“Solitude, ma mère, redites-moi ma vie !”

“Solitude, ma mère, redites-moi ma vie ! Voici

Le mur sans crucifix et la table et le livre

Fermé ! Si l’impossible attendu si longtemps

Frappait à la fenêtre, comme le rouge-gorge au coeur gelé,
Qui donc se lèverait ici pour lui ouvrir ? Appel

Du chasseur attardé dans les marais livides

Le dernier cri de la jeunesse faiblit et meurt la chute d’une seule feuille

Remplit d’effroi le coeur muet de la forêt.
Qu’es-tu donc, triste coeur ? une chambre assoupie

Où, les coudes sur le livre fermé, le fils prodigue

Écoute sonner la vieille mouche bleue de l’enfance ?

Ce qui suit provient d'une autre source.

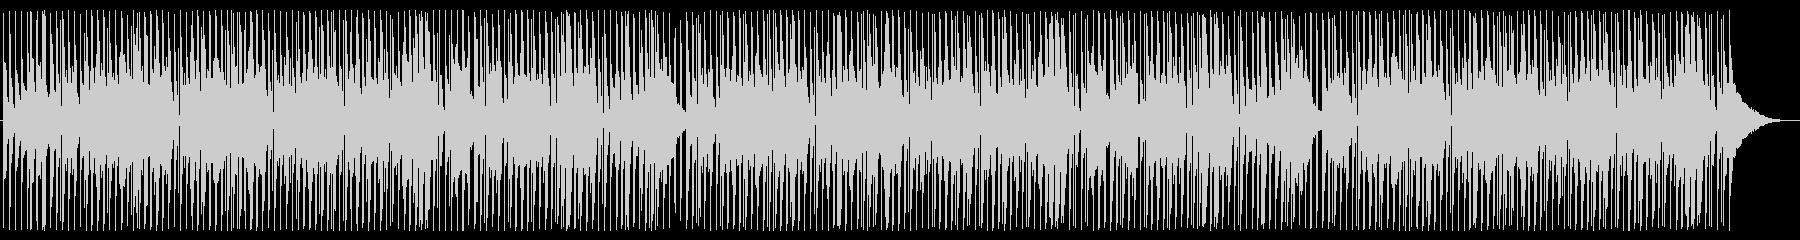 ほのぼのした雰囲気のピアノの未再生の波形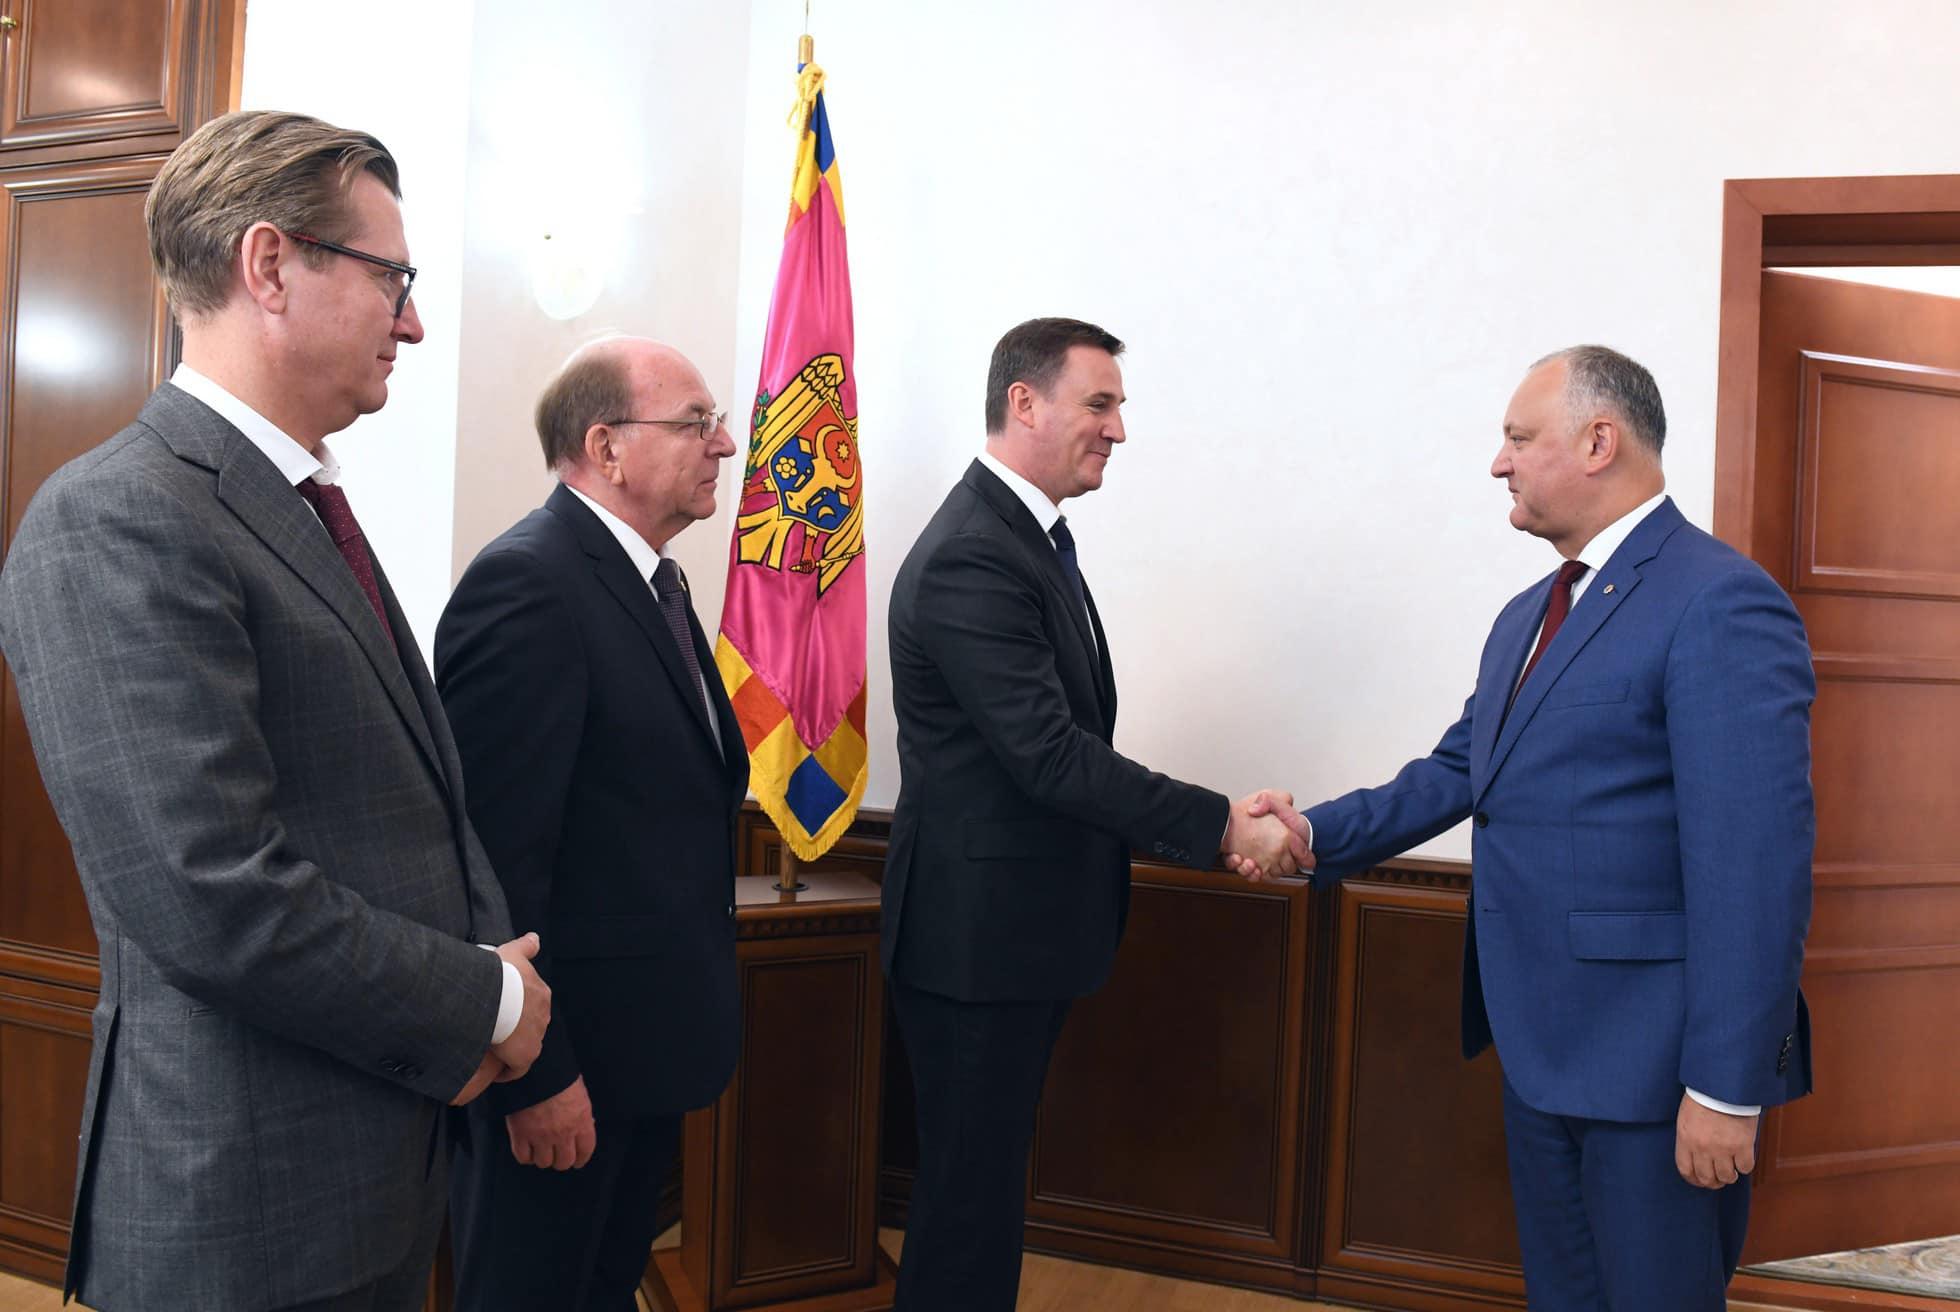 Встреча Додон – Патрушев: Президент выступил за восстановление полноформатного сотрудничества Молдовы и России (ФОТО, ВИДЕО)

Ou un miroir qui se souvient ? ou un tombeau que le voleur a réveillé ?
Lointains heureux portés par le soupir du soir, nuages d’or,

Beaux navires chargés de manne par les anges ! est-ce vrai

Que tous, tous vous avez cessé de m’aimer, que jamais,

Jamais je ne vous verrai plus à travers le cristal
De l’enfance ? que vos couleurs, vos voix et mon amour,

Que tout cela fut moins que l’éclair de la guêpe

Dans le vent, que le son de la larme tombée sur le cercueil,

Un pur mensonge, un battement de mon coeur entendu en rêve ?
Seul devant les glaciers muets de la vieillesse ! seul

Avec l’écho d’un nom ! et la peur du jour et la peur de la nuit

Comme deux soeurs réconciliées dans le malheur

Debout sur le pont du sommeil se font signe, se font signe !
Et comme au fond du lac obscur la pauvre pierre

Des mains d’un bel enfant cruel jadis tombée :

Ainsi repose au plus triste du coeur,

Dans le limon dormant du souvenir, le lourd amour”.